Guten Morgen zusammen,

ich habe bei mir Node-Red auf einem Windows 7 PC Node-Red in der aktuellen Version zum laufen gebracht.
Ich möchte nun auf eine S7 Steuerung zugreifen und habe mir bereits den Hilscher Treiber S7Comm integriert ( verfügbar auf GitHub )

Da ich absoluter Anfänger mit RedNode bin wollte ich fragen, ob schon mal jemand einen Zugriff umgesetzt habe.




Ich habe eine lesende Variable und eine schreibende Variable angelegt. Die lesende ist ein Taktmerker ( M0.7 )
und die schreibende  M10.7
Verbunden ist der PC <=> CPU mittels Profinet.
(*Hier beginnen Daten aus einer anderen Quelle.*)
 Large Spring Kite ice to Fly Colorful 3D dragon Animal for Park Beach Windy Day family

Sobald ich die CPU einschalte, welchselt der Zustand auch auf connected
aber an der zu schreibenden Variable ändert sich nichts ( auch nicht ein Byte drüber oder drunter ).
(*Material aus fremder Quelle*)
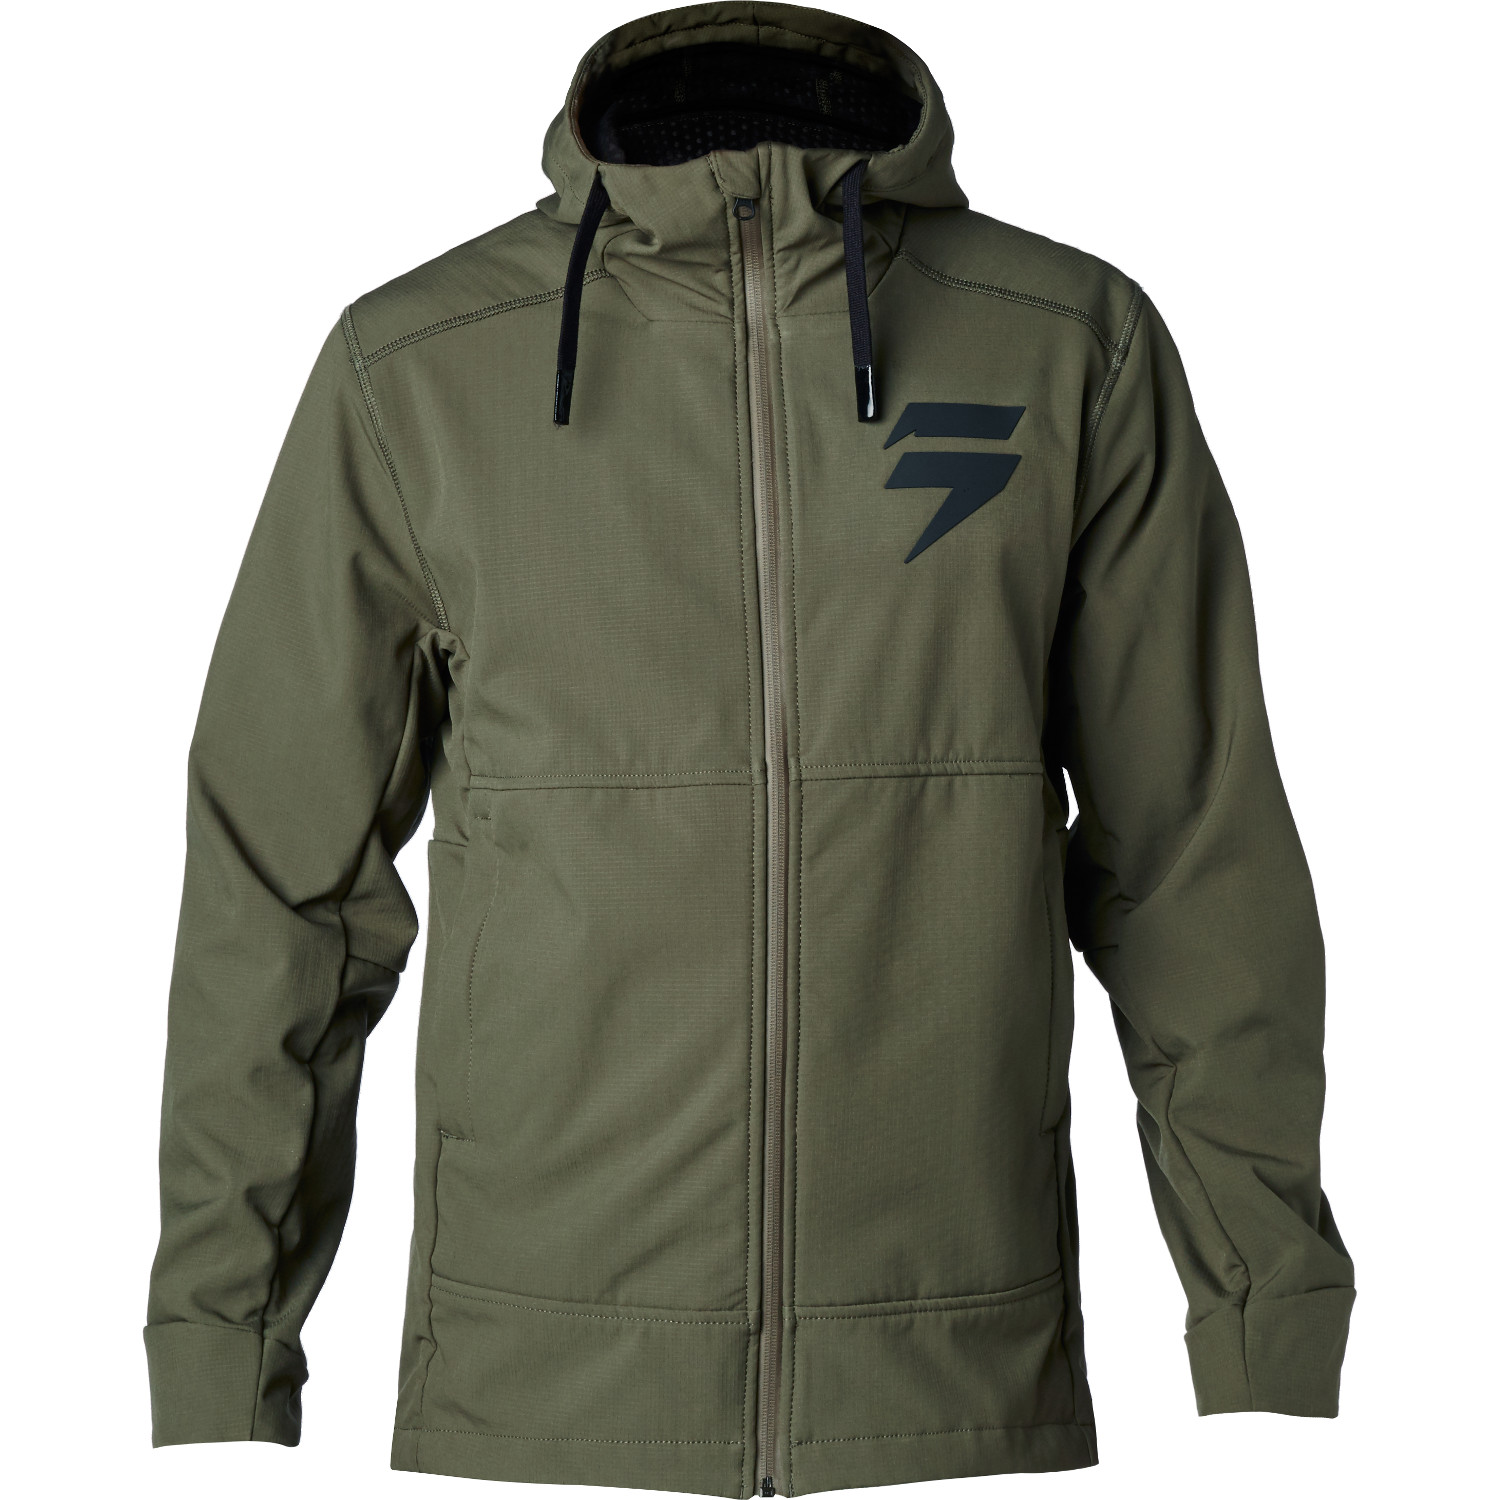 Shift Jacket Recon Pit Fat Green

Hat vielleicht schon jemand NodeRed eingesetzt und mit einer S7 verbunden.

Ich bin für jeden Hinweis dankbar


----------



## Lars Weiß (9 März 2018)

zeig mal die Node-Properties von read und write


----------



## DeltaMikeAir (9 März 2018)

Hallo Lars,

hier die Einstellungen. Es steht jetzt alles auf disconnect da ich meine Steuerung nicht da habe.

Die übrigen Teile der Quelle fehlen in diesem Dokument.